> _Source information_:
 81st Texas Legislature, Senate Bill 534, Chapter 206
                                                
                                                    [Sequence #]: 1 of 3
* * *
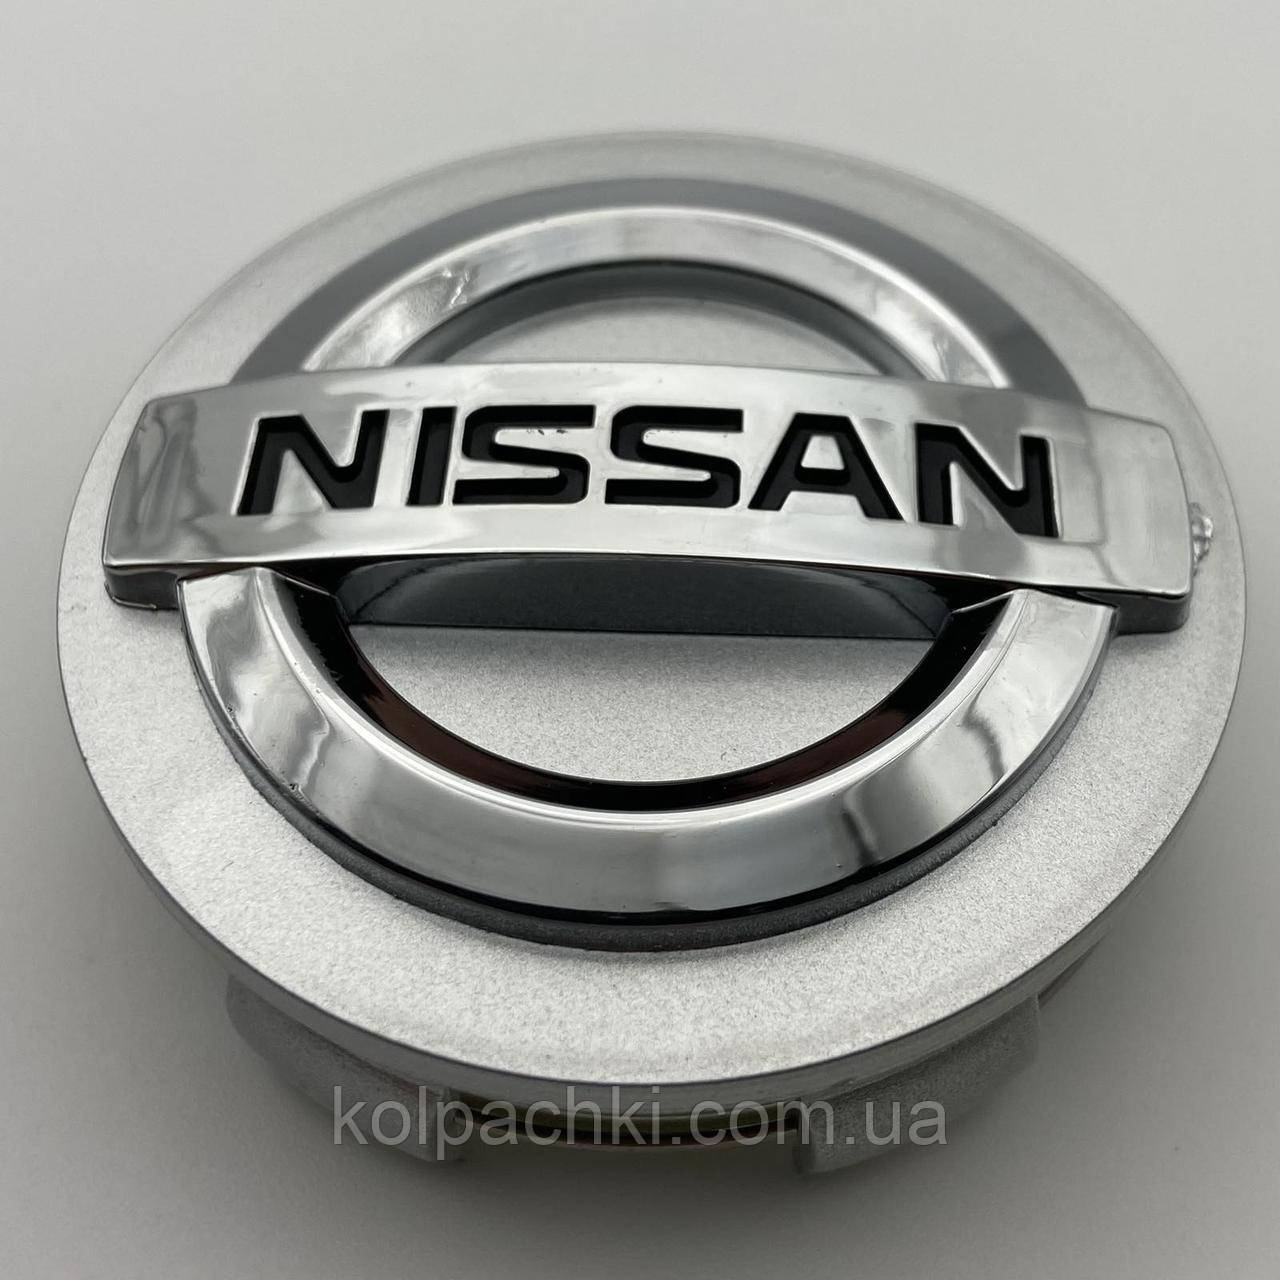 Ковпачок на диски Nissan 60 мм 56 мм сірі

> _Work instructions_: Restate word for word the entries above, starting at the line with "81st Texas Legislature, Senate" and ending at the line with "[Sequence #]: 1", inclusive, and no others.

> _Solution to this task_:
 81st Texas Legislature, Senate Bill 534, Chapter 206
                                                
                                                    [Sequence #]: 1 of 3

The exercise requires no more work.